Client for the Vendo Cloud API. vendo cloud login <email> sends a 6-10 digit email OTP, prompts for it, and stores the session at ~/.vendo/cloud-session.json; --token <jwt> stores an access token instead. Other subcommands: logout, whoami, orgs, keys (list, create, revoke), members, invite, deployments, usage, billing, validate, deploy, share, publish, and pin-ship. Read results print as JSON, with two exceptions. validate renders a human-readable report by default (org, plan, capabilities, quota bars) and takes --json for a machine-readable envelope that stays stable across live, stale-cache, and offline-degraded paths. deploy prints a concise summary table by default and switches to raw JSON with --json. vendo cloud deploy pushes local enabled automations from .vendo/data to a hosted instance. Use --app <id> (repeatable) to restrict the set, --subject <id> when the local store holds more than one subject, and --secret NAME=VALUE (repeatable) to send referenced secret values. See Vendo Cloud for the full walkthrough. Global options:
  • --api-url <url> overrides VENDO_CLOUD_URL (default https://console.vendo.run).

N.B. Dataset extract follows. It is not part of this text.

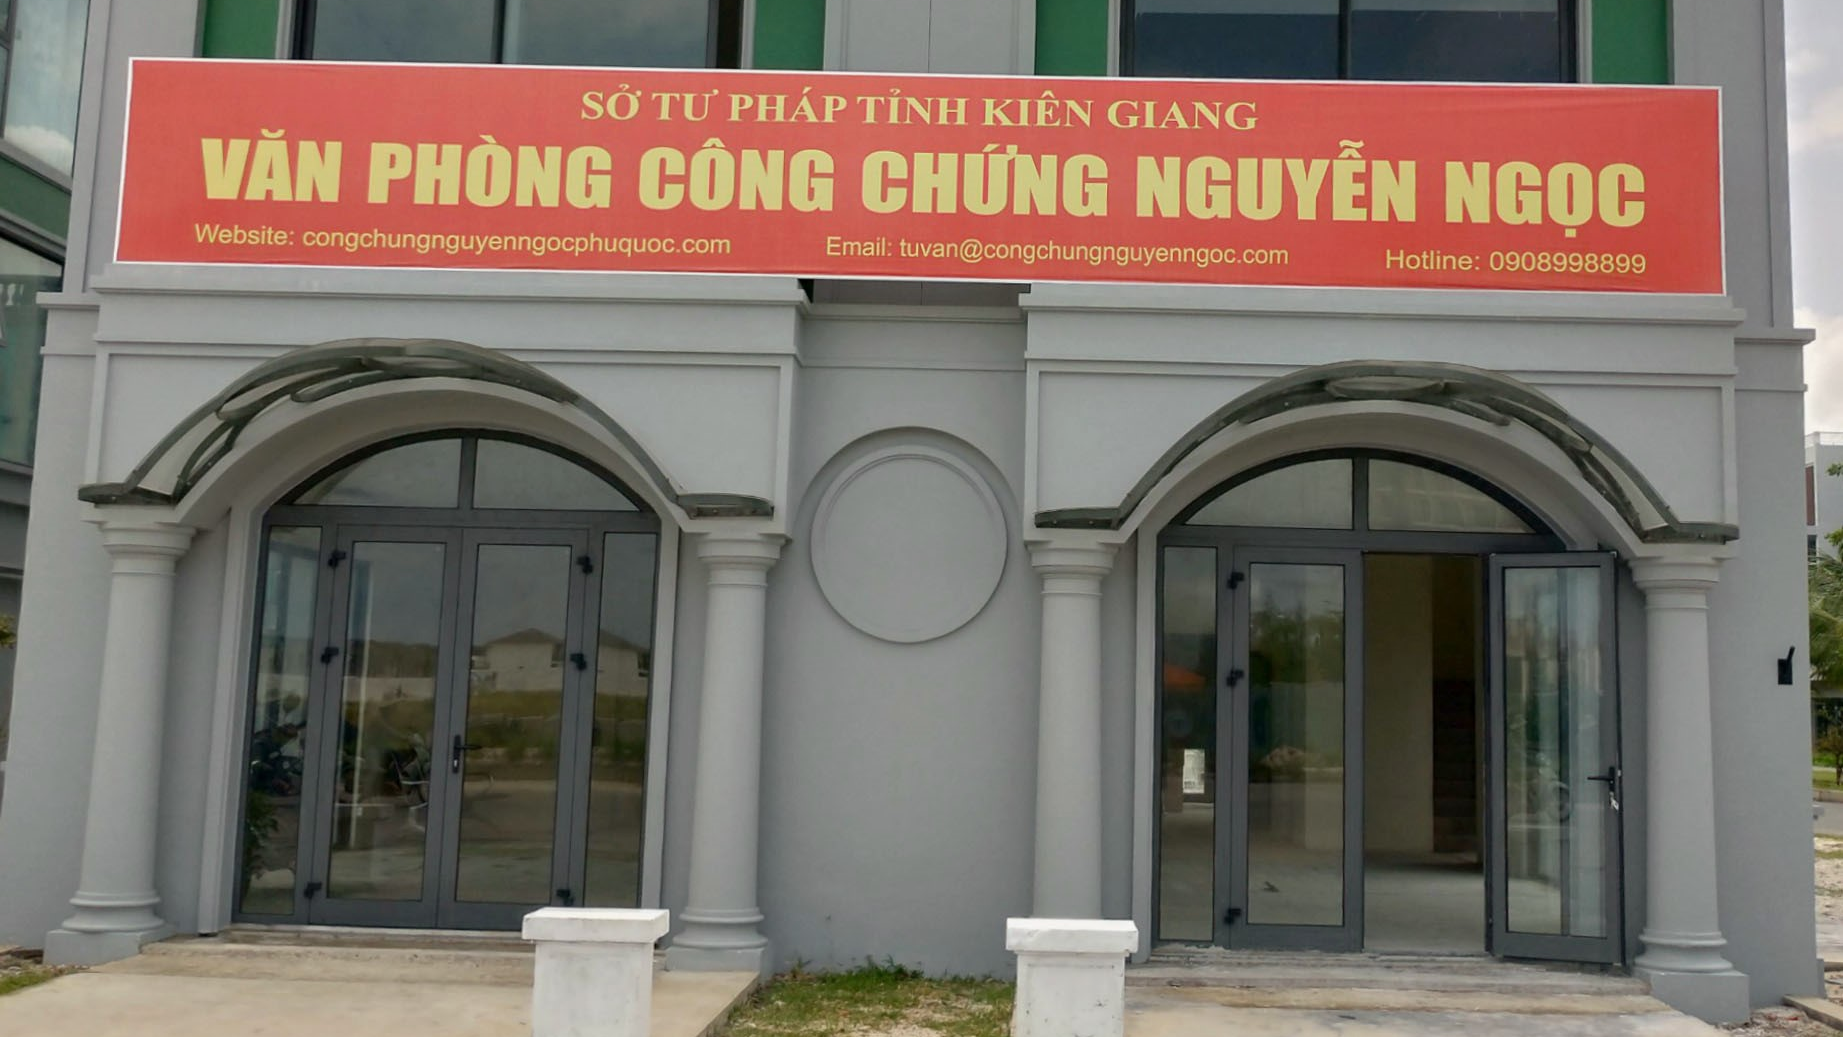 Văn phòng công chứng Nguyễn Ngọc
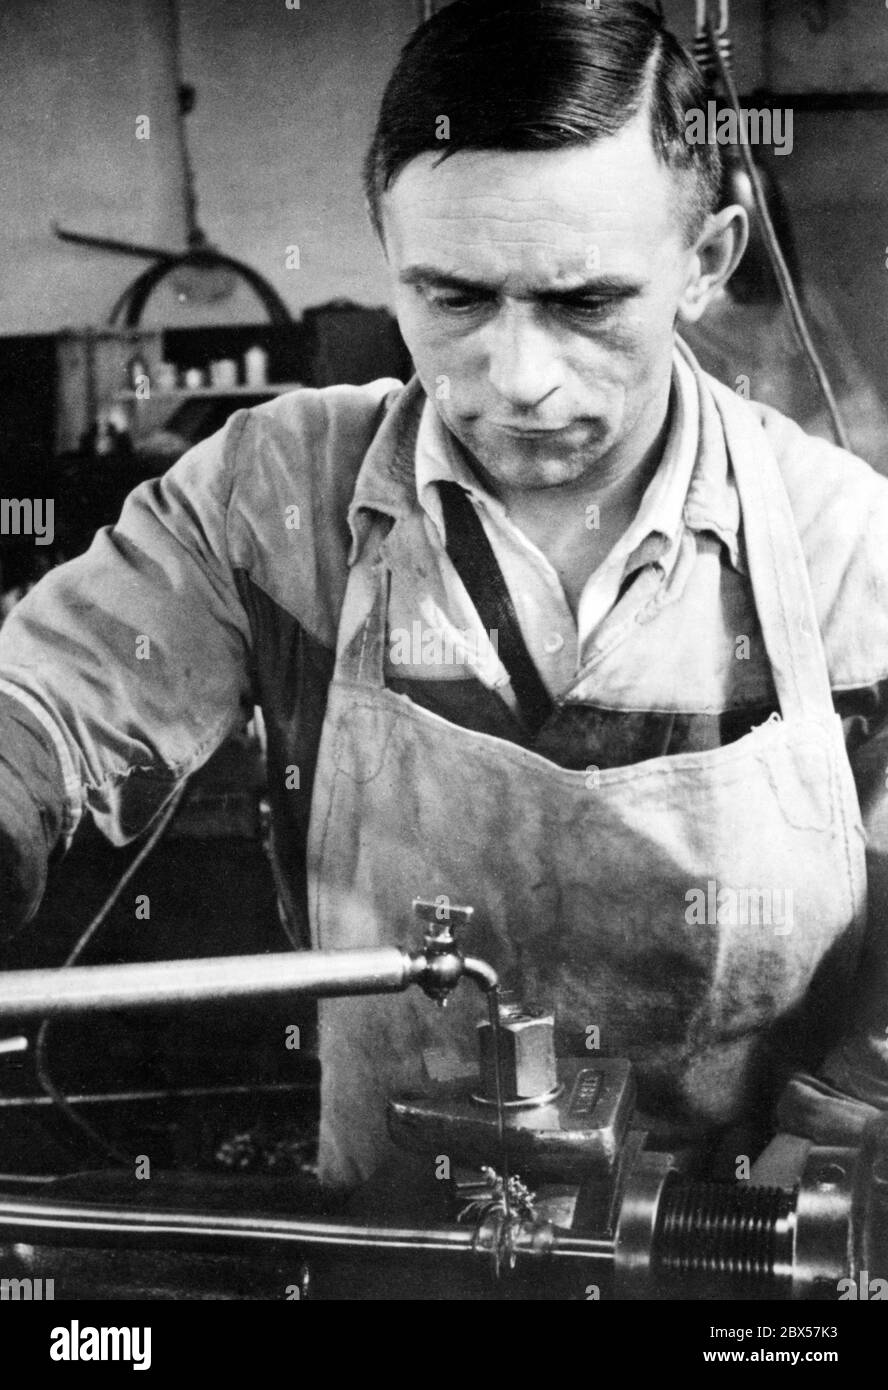 Ein Mitarbeiter einer Rüstungsfabrik kühlt sein Werkstück beim Wenden mit Wasser, damit es nicht zu viel aufheizt. Stockfoto

  • --key <vnd_...> overrides VENDO_API_KEY for the machine commands (validate, deploy, share, publish, pin-ship). Keys must match vnd_ followed by 40 hex characters or the command exits before any network call.
Org-scoped commands take --org <id>; omit it only when your account has one organization. Run vendo cloud help for the full list. See Vendo Cloud for setup, keys, and sharing.

Telemetry opt-out

Set VENDO_TELEMETRY_DISABLED=1 or set "optedOut": true in ~/.vendo/telemetry.json. DO_NOT_TRACK, CI, and production runtime also disable build and development telemetry.